# What's your current top 3?



## AndyJCL (Jan 3, 2013)

I'm still a newb and have made a point to try as many different sticks as possible and these are my current top 3 in no particular order. 

Padron 1964 anniversary (both natural and maduro) - this stick is super consistent and really stood out for me. I've heard many good things about them but it really surpassed my expectations.
Oliva V Melanio
LP No. 9

Looking fwd to see what are your top 3 so I can add to my "must try" list.


----------



## MDS (Dec 4, 2012)

LP No 9
Padron 1926 Serie (Maduro)
CAO MX2 + LP Undercrown tied


----------



## capttrips (Jun 25, 2012)

Let's see how many times the same question can be asked in one week!!


----------



## D307P (Sep 28, 2012)

And how many people list padron, liga, and opus


----------



## fuente~fuente (May 11, 2009)

-Padron

-Liga

-Opus


----------



## AndyJCL (Jan 3, 2013)

capttrips said:


> Let's see how many times the same question can be asked in one week!!


Believe it or not, I actually went back 3 pages to see if there's a recent thread like this before creating this thread. I don't consider "Top 5 brands noone's ever heard of.", "What are your top 5 brands" the same thing as "What's your current top 3 cigars?". Care to share a link to the other threads with the same question posted this week?


----------



## jhedrick83 (Dec 4, 2012)

fuente~fuente said:


> -Padron
> 
> -Liga
> 
> -Opus


Beat me to it!

E.P. Carillo Edicion Limitada 2012
Undercrown / Man O' War Ruination
RP 15th anny


----------



## TonyM (Jul 26, 2012)

capttrips said:


> Let's see how many times the same question can be asked in one week!!


Who cares? It's a forum and people like to post and make conversation.
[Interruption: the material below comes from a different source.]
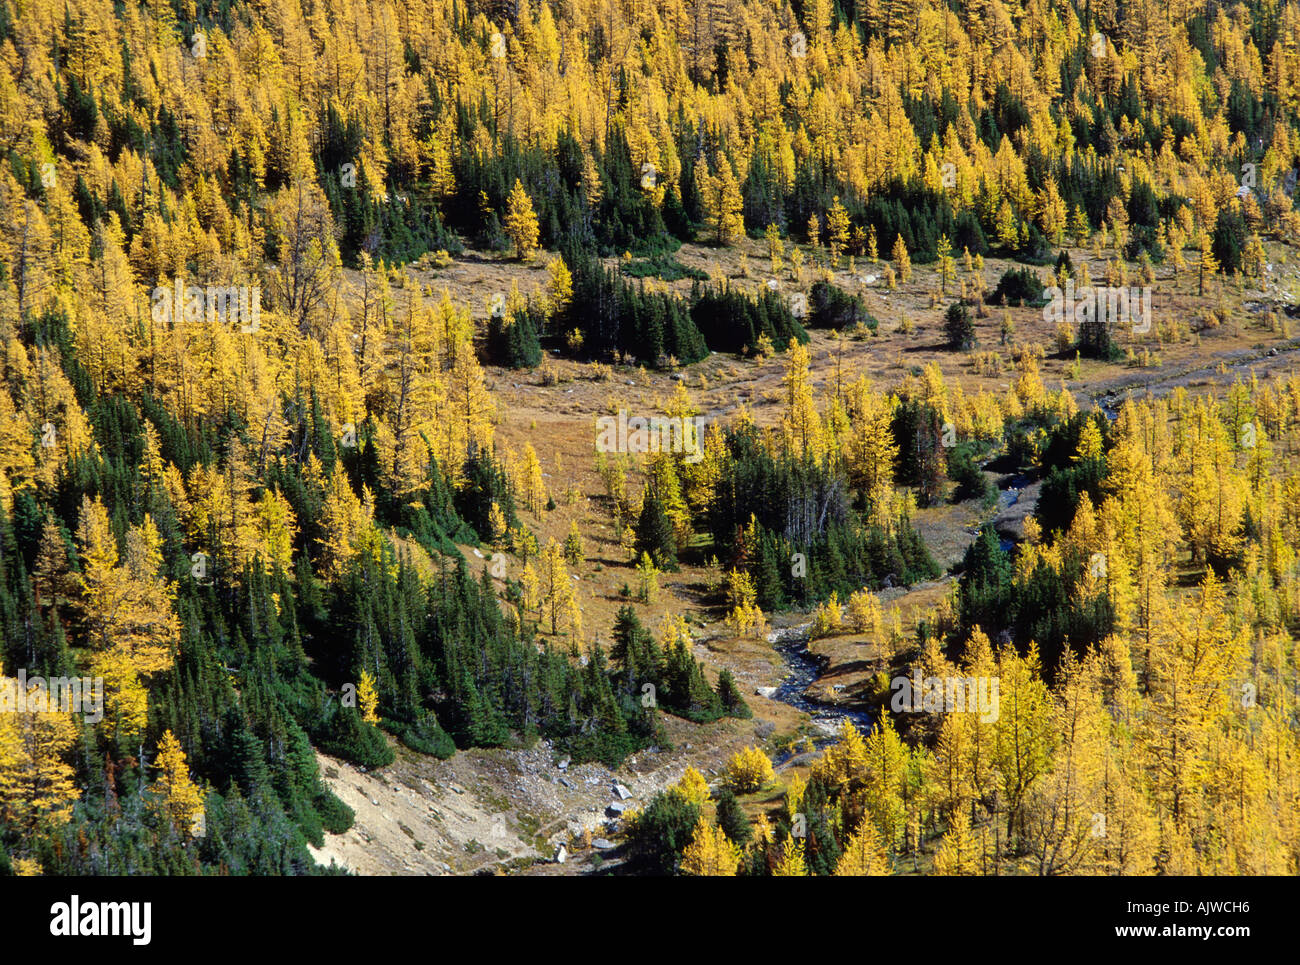 Taiga, subalpine larch in autumn foliage and englemann spruce, Larch Valley, Banff National Park, Alberta - Stock Image

You're one to talk with the sheer volume of threads you start.

For me at the moment I'd say Liga #9 , Fuente Anejo, and for a cheap every day stick a Man O War Ruination.


----------



## Jesatl13 (Dec 21, 2011)

Quesada Espana corona
Padron '64 Principe maduro
Liga #9


----------



## D307P (Sep 28, 2012)

fuente~fuente said:


> -Padron
> 
> -Liga
> 
> -Opus


That's cause you are one of the cool kids......


----------



## D307P (Sep 28, 2012)

TonyM said:


> Who cares? It's a forum and people like to post and make conversation. You're one to talk with the sheer volume of threads you start.
> 
> For me at the moment I'd say Liga #9 , Fuente Anejo, and for a cheap every day stick a Man O War Ruination.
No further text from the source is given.